Гвидо Кавальканти[37], достойнейший муж и философ, становится жертвой ребяческой хитрости


Виднейший гражданин Флоренции по имени Гвидо Кавальканти однажды играл в шахматы. В это время один мальчуган, по обычаю игравший с другими не то в мячик, не то в кубарь, не раз с шумом к нему подбегал; наконец, как это часто бывает, его толкнул другой мальчик, и он наткнулся на означенного Гвидо; а тому, должно быть, как раз не повезло в игре, и он в ярости вскочил и, бросившись на мальчика, сказал ему:

— Уходи играть в другое место, — и, вернувшись, снова уселся за шахматы.

Разобиженный мальчик плакал, мотал головой и не отходя далеко, вертелся поблизости, бормоча про себя: «Я тебе за это еще отплачу!»

Подобрав большой гвоздь из лошадиной подковы, мальчик вместе с другими вернулся на ту улицу, где упомянутый Гвидо играл в шахматы, и с камнем в руке подошел за спиной Гвидо не то к завалинке, не то просто к лавке, на которой тот сидел, положил на нее гвоздь и рукой, державшей камень, стал постукивать, сначала редко и тихо, затем постепенно все чаще и сильнее, так что наконец Гвидо обернулся и сказал:

— Чего тебе еще нужно? Иди-ка, от греха подальше, домой! Зачем ты стучишь этим камнем?

Тот сказал:

— Хочу выпрямить этот гвоздь.

И Гвидо снова обратился к шахматам и продолжал играть. Мальчик же, тихонько постукивая камнем, ухватил полу куртки или кафтана, которая со спины Гвидо спадала на сиденье, и, приладив к ней свой гвоздь, стал усиливать удары, чтобы как следует ее прибить, рассчитывая, что означенный Гвидо наконец встанет. Случилось так, как задумал мальчик. Гвидо, которому надоел стук, в бешенстве вскакивает, мальчик убегает, а Гвидо остается пригвожденным к скамье. Чувствуя, что он совсем опозорен и не может двинуться, и грозя рукой убегающему мальчику, он говорит:

— Иди с богом, но другой раз не попадайся.

Он пытается высвободиться, но не может и, не желая расстаться с куском своего кафтана, вынужден оставаться прикованным в ожидании появления клещей.

Сколько же должно быть тонкого коварства в мальчишке, если человек, равного которому, пожалуй, не было во всей Флоренции, мог быть таким способом осмеян, пойман и обманут ребенком!

Новелла LXXV

С живописцем Джотто приключается то, что свинья сбивает его с ног во время прогулки, которую он совершает в обществе учеников; он произносит хорошую остроту, а затем и другую в ответ на другой вопрос


Всякий, кто живал во Флоренции, знает, что первое воскресение каждого месяца мужчины и женщины всем народом отправляются в церковь Сан-Галло и что отправляются они туда скорее для развлечения, чем для богомолья. В одно из таких воскресений собрался туда и Джотто вместе со всей своей мастерской, и в то время, когда он ненадолго задержался на Огуречной улице, рассказывая одну из своих историй, проходило мимо несколько свиней, одна из которых в неистовом беге бросилась ему под ноги так, что он упал на землю. Поднявшись на ноги своими силами, но не без помощи спутников и отряхнувшись, он свиней не выругал, не сказал им ни слова, но, обратившись к спутникам, слегка улыбнулся и промолвил:

— Разве они не правы? Разве я за свой век не заработал при помощи их щетины не одну тысячу лир и ни разу не отблагодарил их ни единой миской помоев?

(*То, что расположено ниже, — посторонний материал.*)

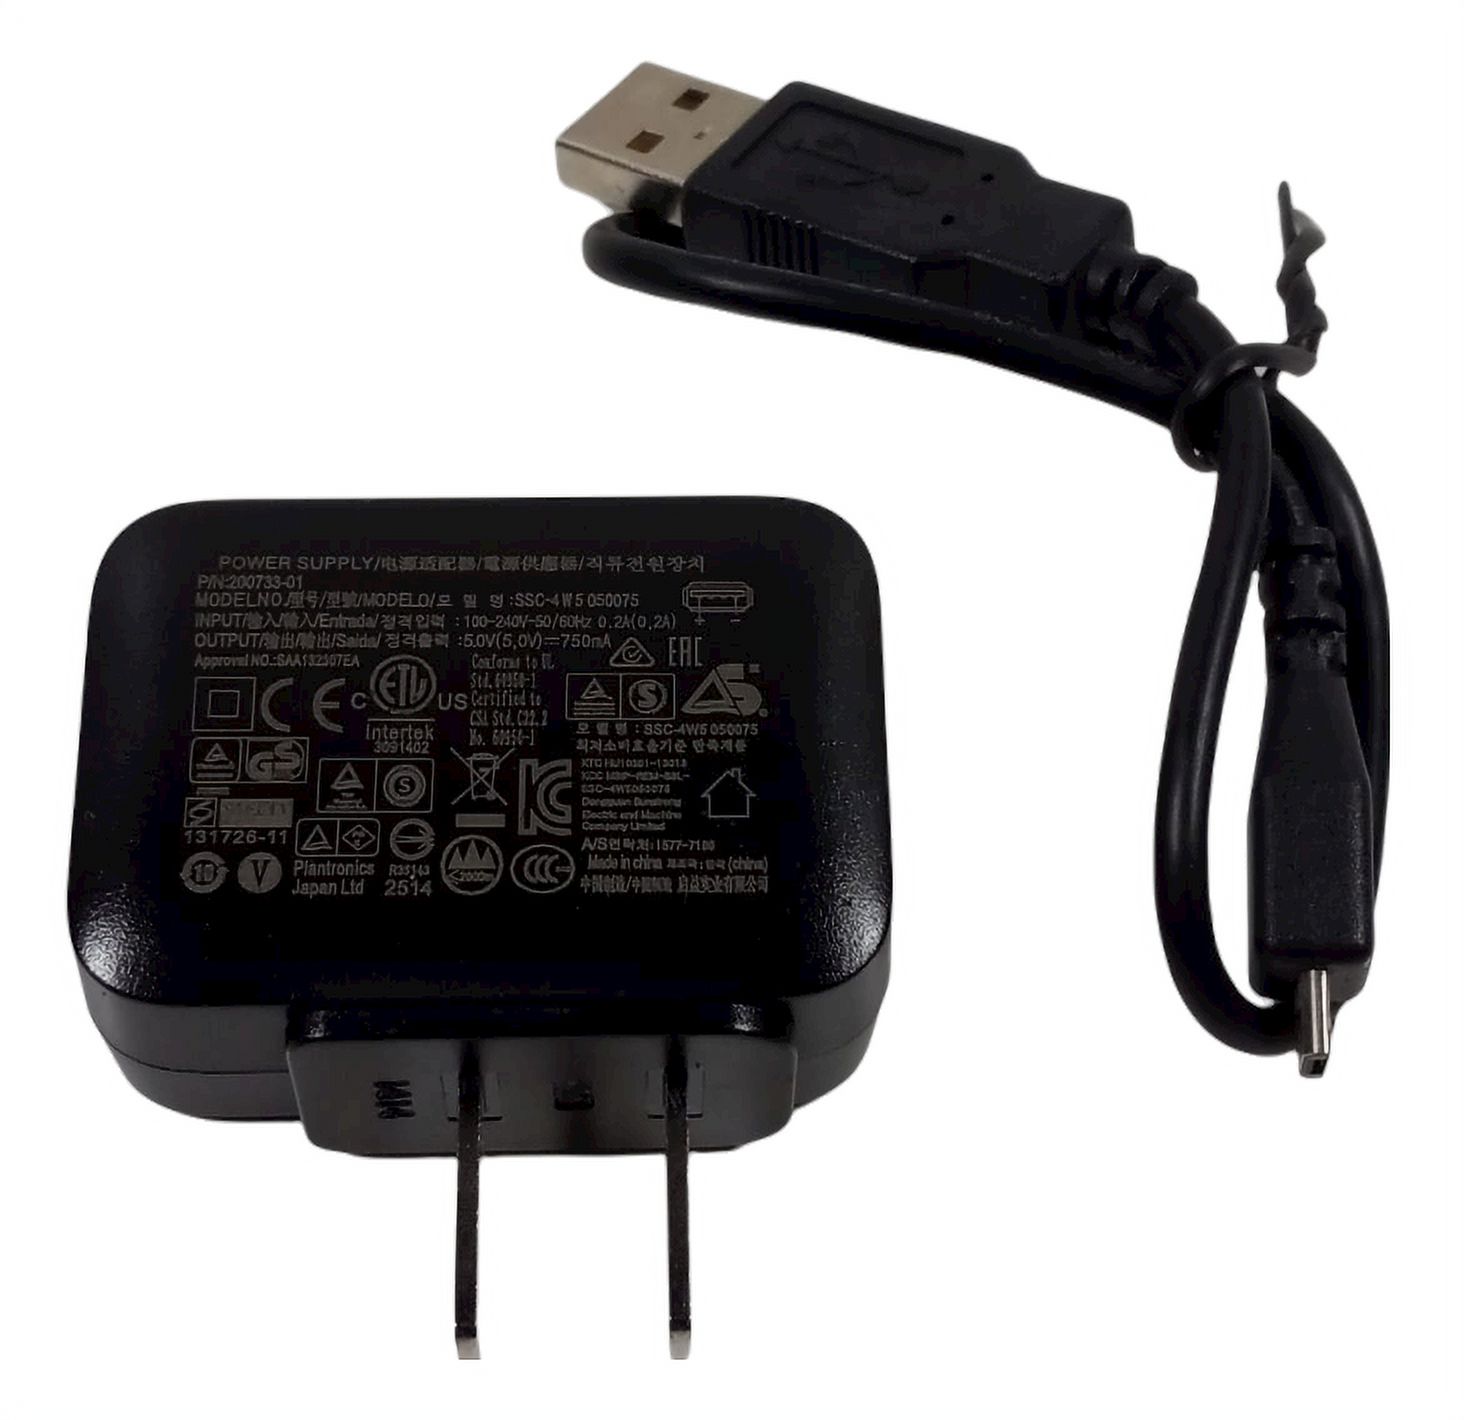 Plantronics SSC-4W5 050075 5.0V 750mA AC Power Adapter Charger 200733-01 - image 3 of 5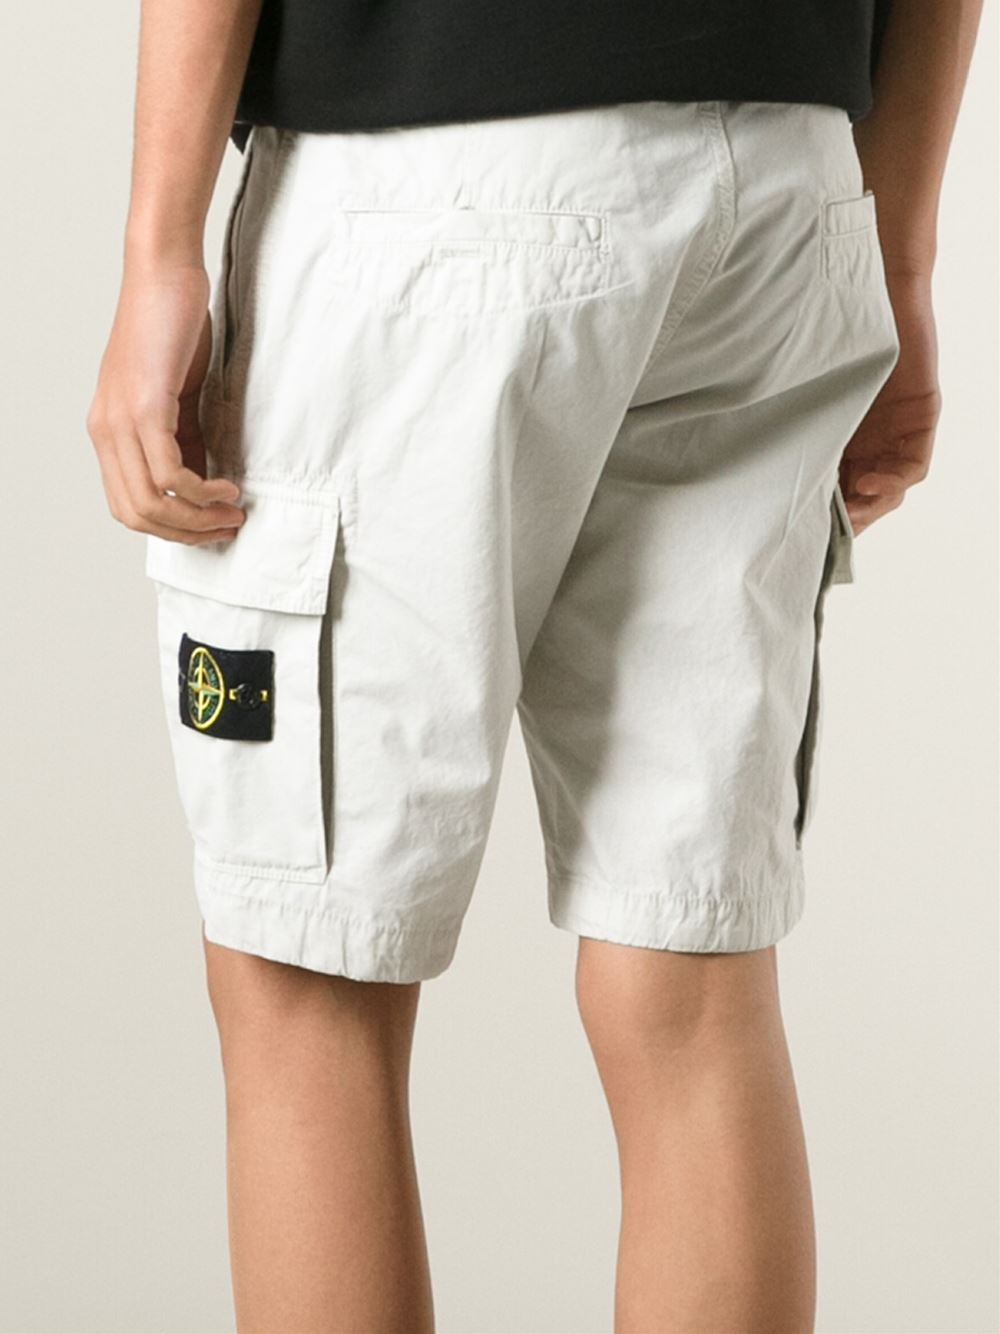 Stone Island Cargo Shorts in White for Men - Lyst

Услыхав это, спутники его засмеялись.

— Что говорить? Ты, Джотто, мастер на все руки. Ты еще никогда ни одной истории так хорошо не описывал, как описал случай с этими свиньями.

И поднялись к Сан-Галло. Затем, возвращаясь мимо монастырей Сан-Марко и Серви, стали, как обычно, разглядывать находящиеся там росписи, и при виде изображения девы Марии вместе с Иосифом один из них спросил Джотто:

— А ну-ка скажи мне, Джотто, почему всегда изображают Иосифа таким грустным?

И Джотто отвечал:

— Разве у него нет причины, если он видит, что жена его беременна, а он не знает от кого?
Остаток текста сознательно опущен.